(What the exercise asks):
Without copying the images, write out all the entries below verbatim.

------------

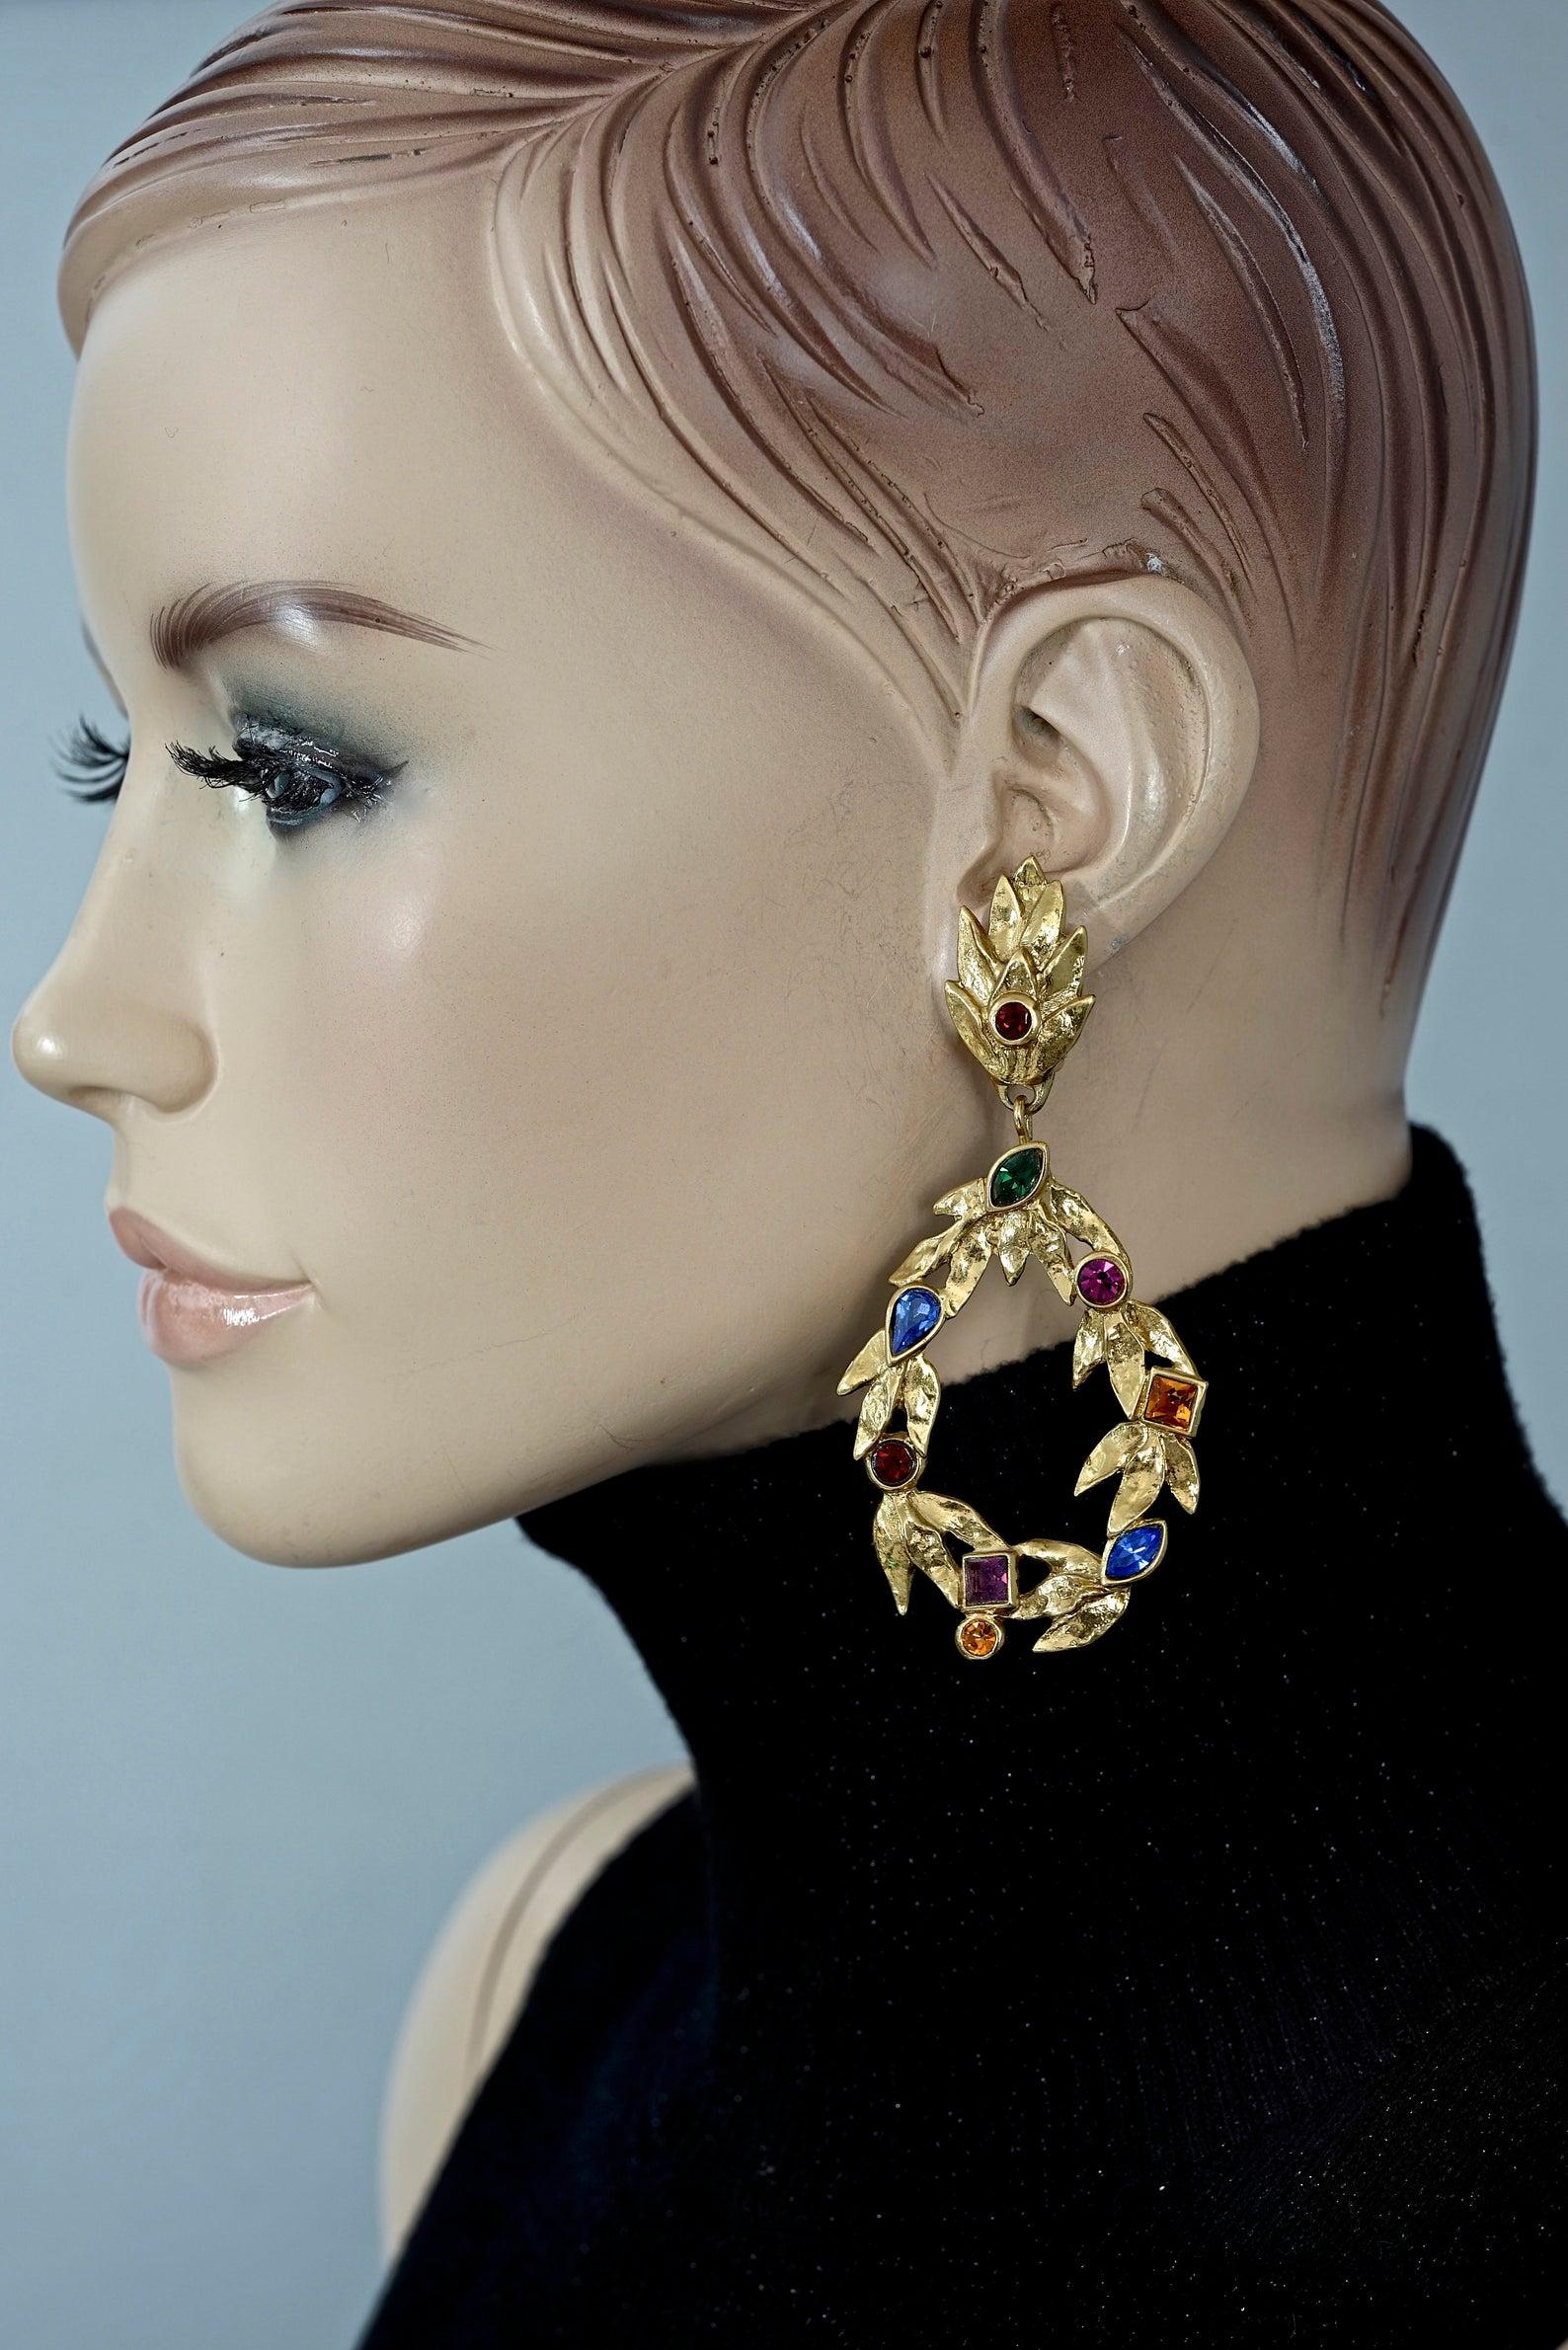 Vintage YVES SAINT LAURENT Ysl by Robert Goossens Jewelled Garland Hoop Earrings

Measurements:
Height: 3.74 inches (9.5 cms)
Width: 1.77 inches (4.5 cms)
Weight per Earring: 23 grams

Features:
- 100% Authentic YVES SAINT LAURENT by Robert

------------

(Result of the exercise):
 Vintage YVES SAINT LAURENT Ysl by Robert Goossens Jewelled Garland Hoop Earrings

Measurements:
Height: 3.74 inches (9.5 cms)
Width: 1.77 inches (4.5 cms)
Weight per Earring: 23 grams

Features:
- 100% Authentic YVES SAINT LAURENT by Robert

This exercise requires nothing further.